Please give back each entry below unaltered, leaving the pictures out.

___ Data to process ___

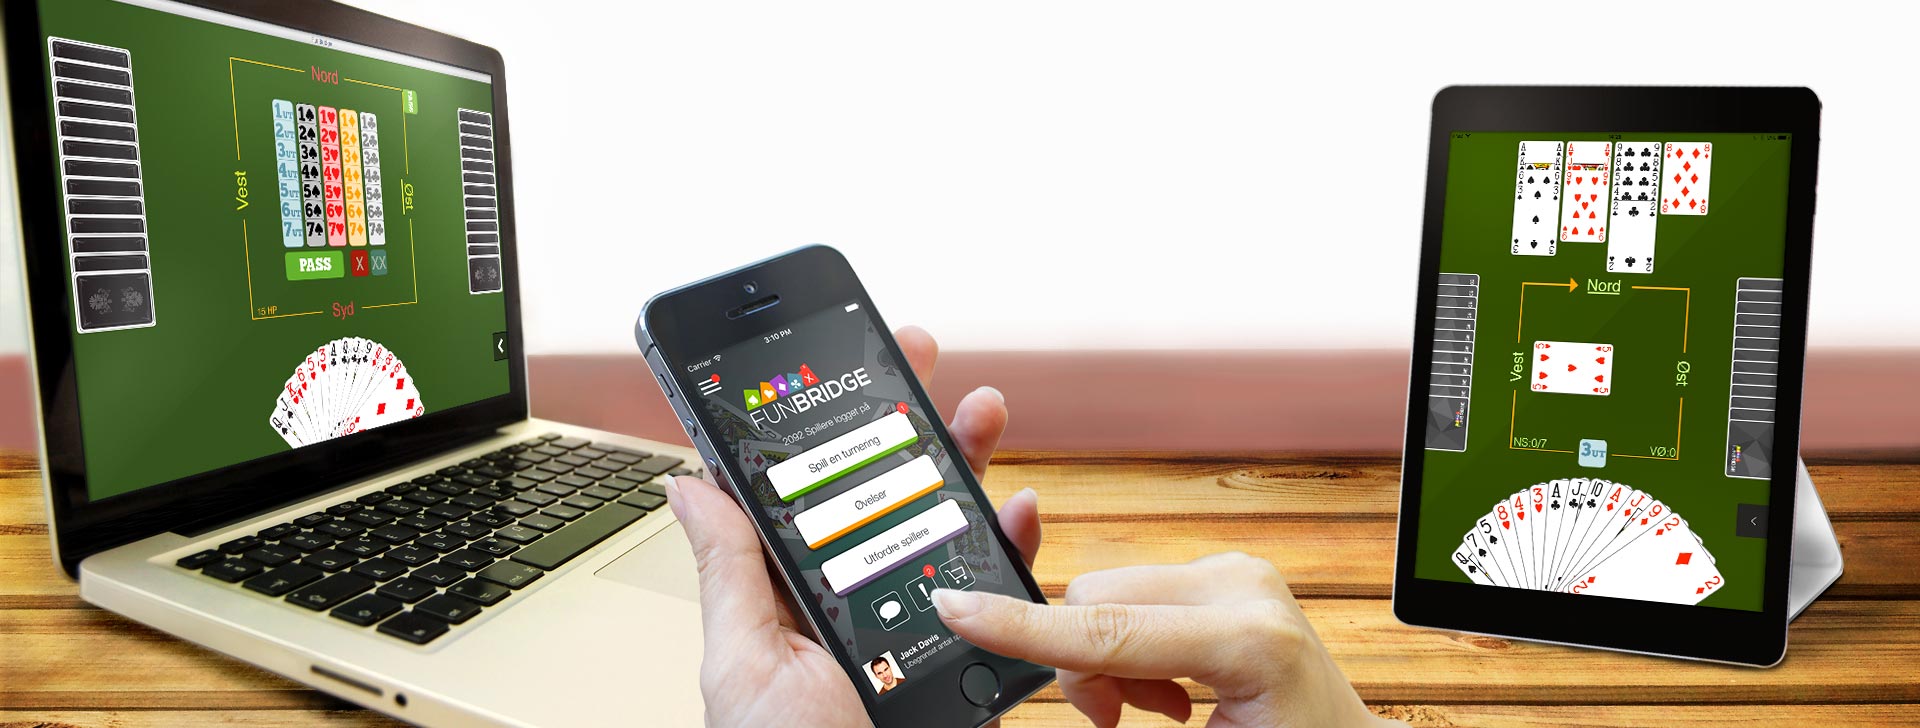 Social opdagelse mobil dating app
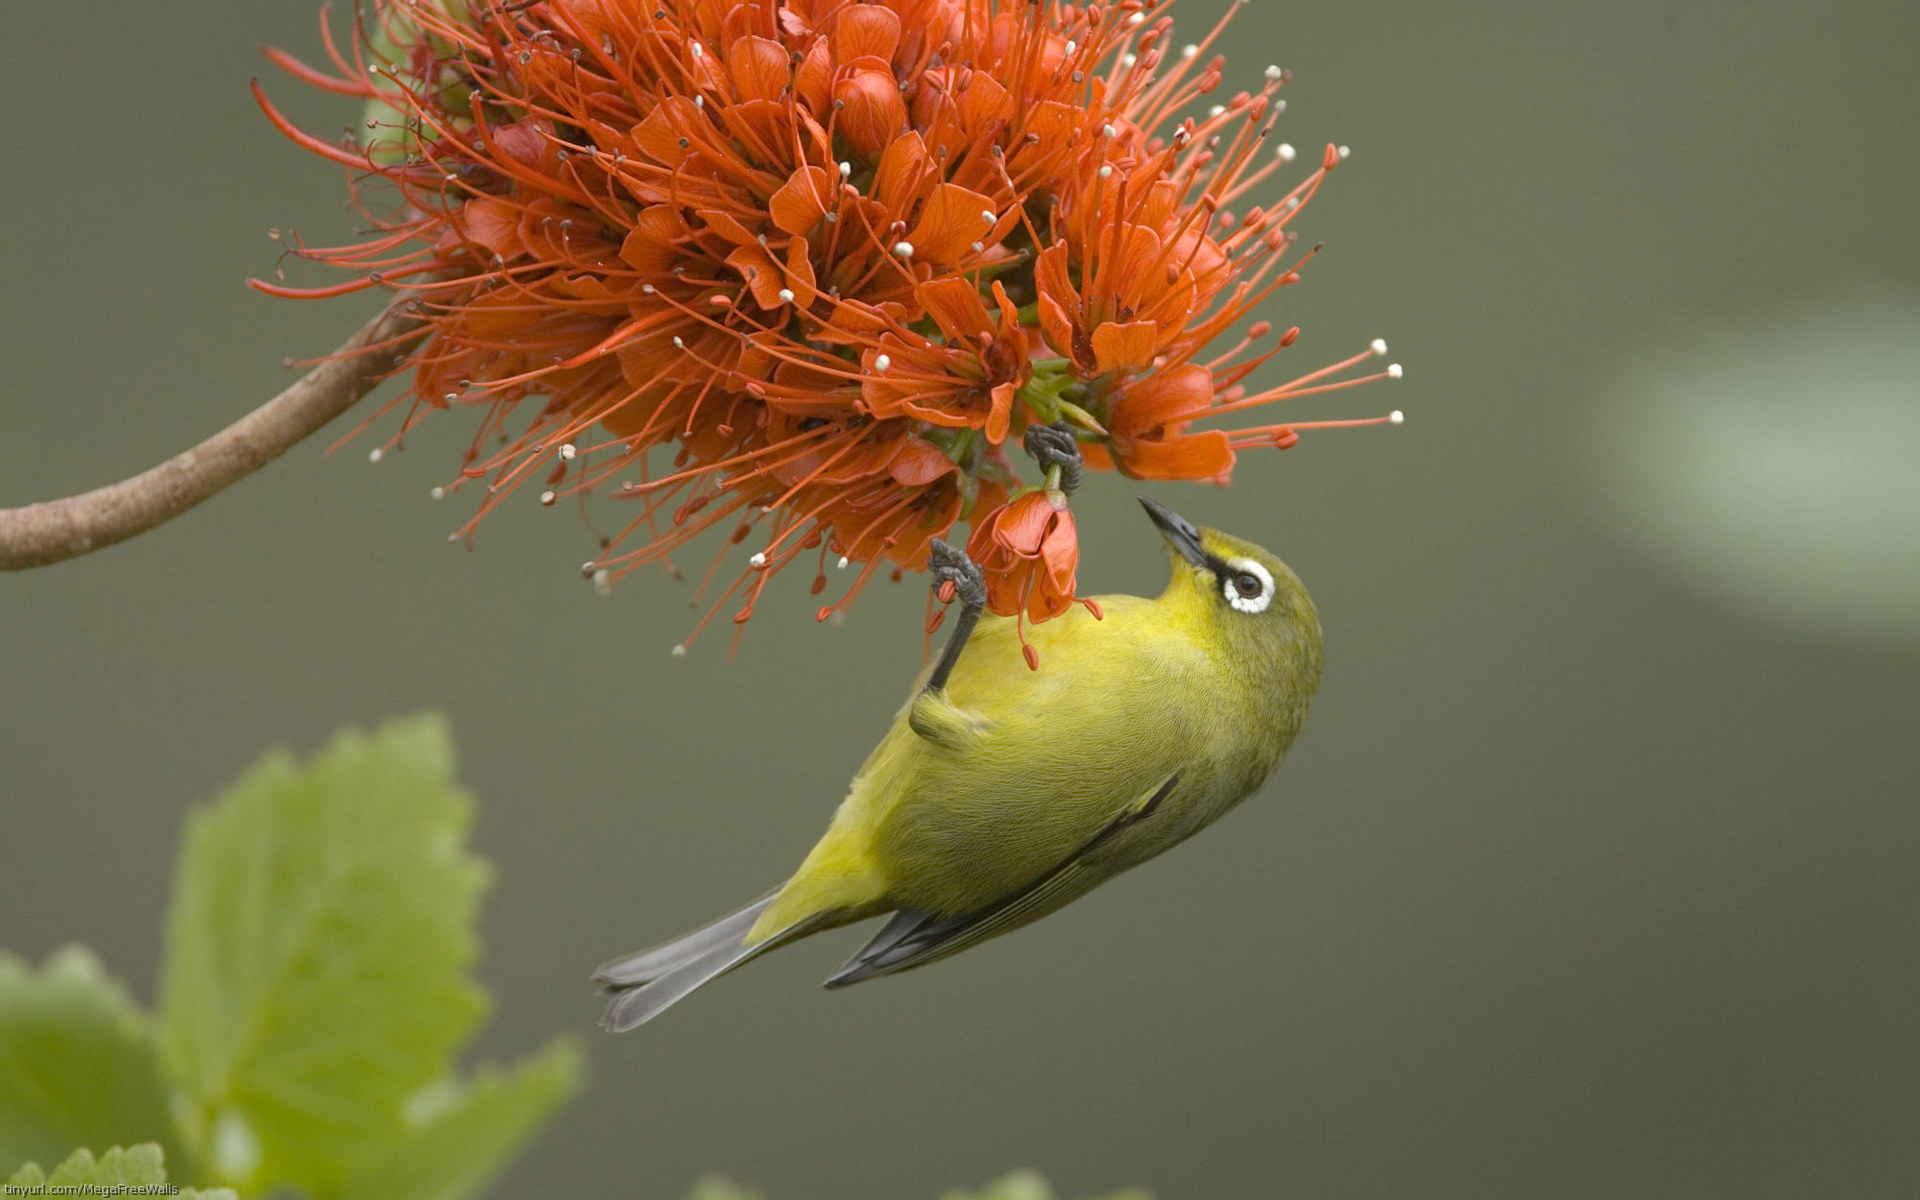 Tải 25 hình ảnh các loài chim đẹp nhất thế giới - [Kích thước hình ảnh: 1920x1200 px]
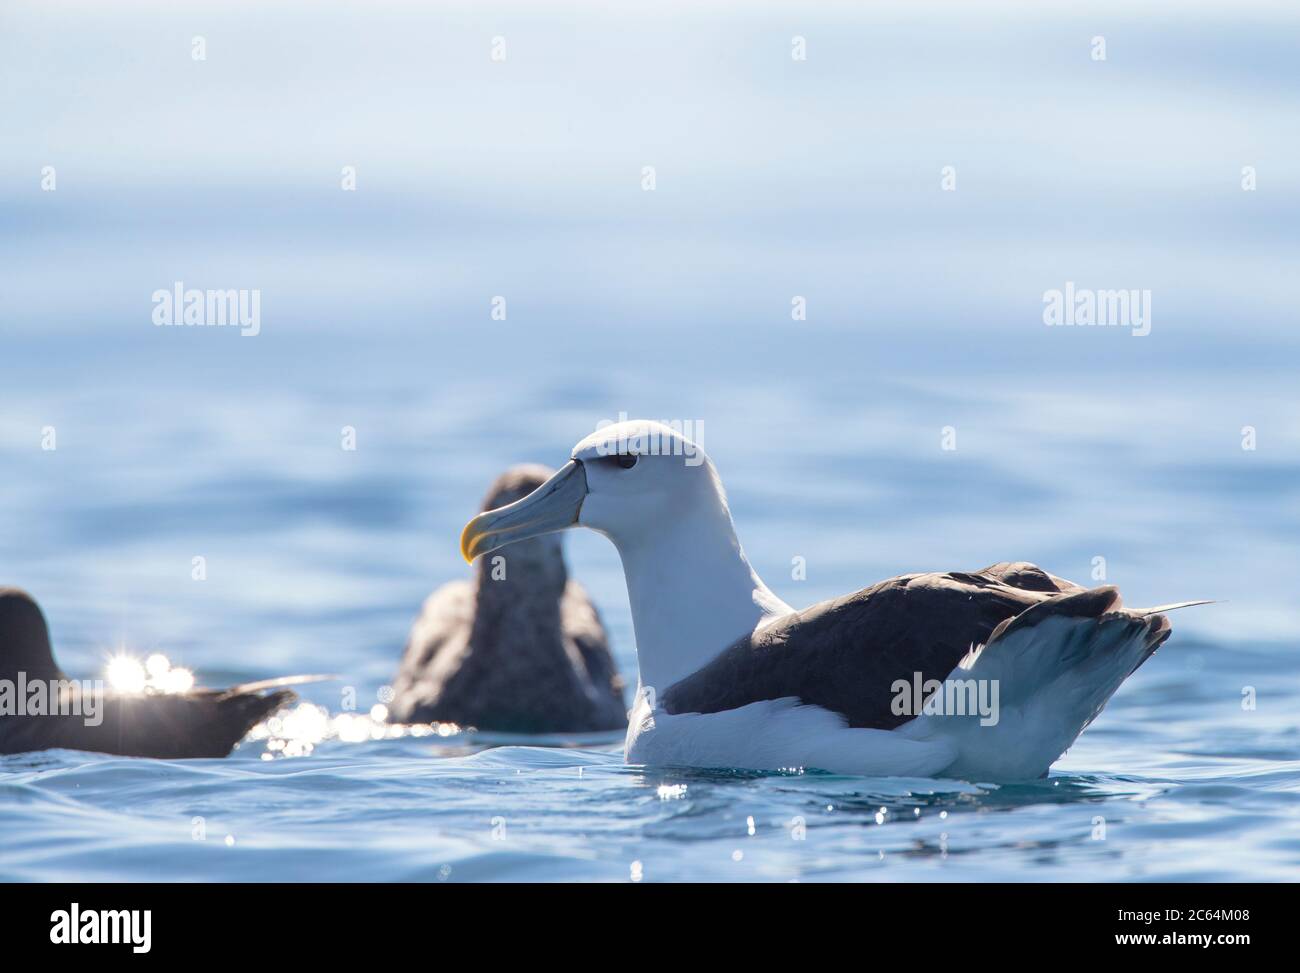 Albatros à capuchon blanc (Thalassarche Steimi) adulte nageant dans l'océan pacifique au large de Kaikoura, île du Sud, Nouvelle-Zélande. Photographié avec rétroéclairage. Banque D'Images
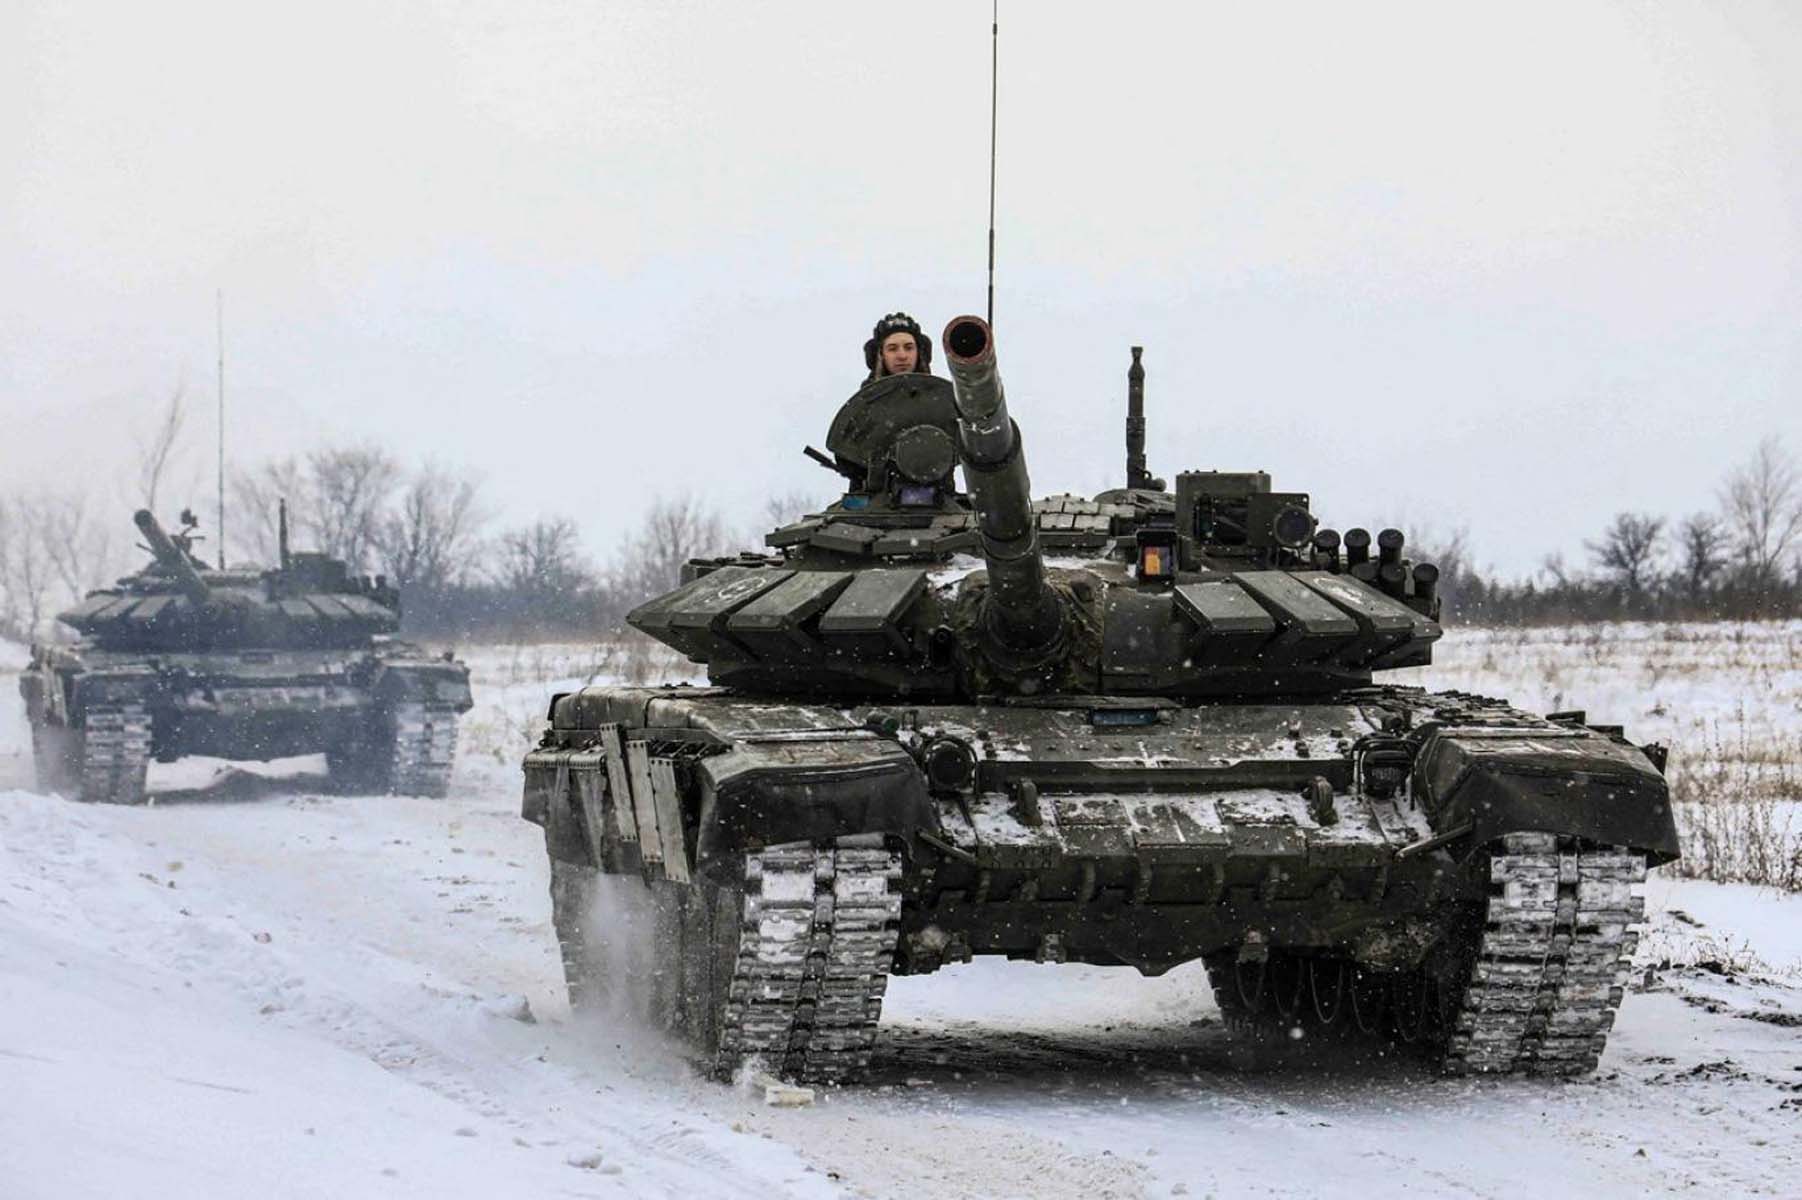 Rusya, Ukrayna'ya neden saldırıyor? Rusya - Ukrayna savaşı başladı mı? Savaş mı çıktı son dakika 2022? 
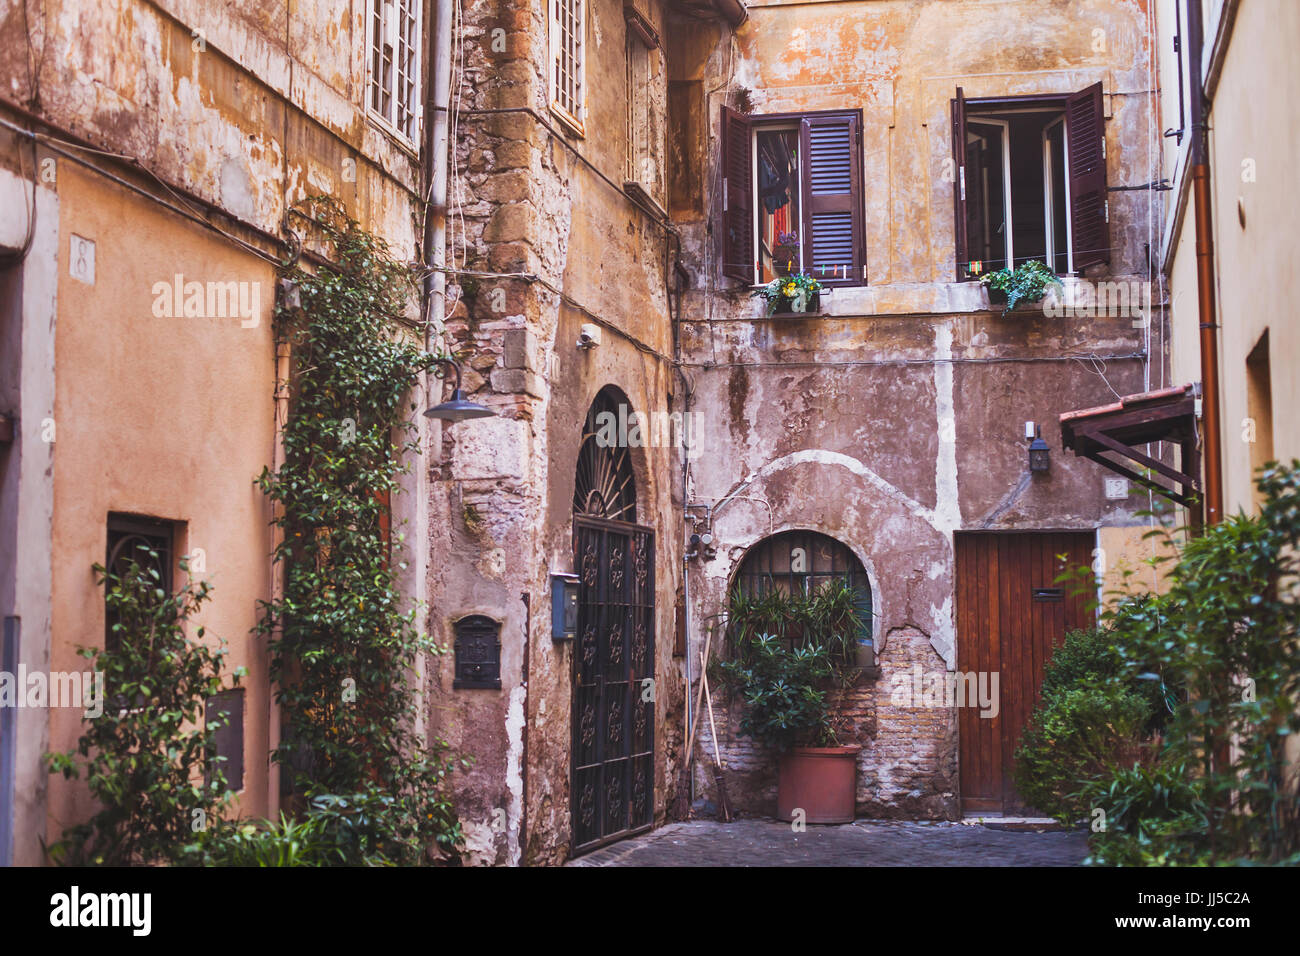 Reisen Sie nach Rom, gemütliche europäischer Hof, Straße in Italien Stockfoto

___

* **Answer to the exercise**
 Social opdagelse mobil dating app
 Tải 25 hình ảnh các loài chim đẹp nhất thế giới - [Kích thước hình ảnh: 1920x1200 px]
 Albatros à capuchon blanc (Thalassarche Steimi) adulte nageant dans l'océan pacifique au large de Kaikoura, île du Sud, Nouvelle-Zélande. Photographié avec rétroéclairage. Banque D'Images
 Rusya, Ukrayna'ya neden saldırıyor? Rusya - Ukrayna savaşı başladı mı? Savaş mı çıktı son dakika 2022? 
 Reisen Sie nach Rom, gemütliche europäischer Hof, Straße in Italien Stockfoto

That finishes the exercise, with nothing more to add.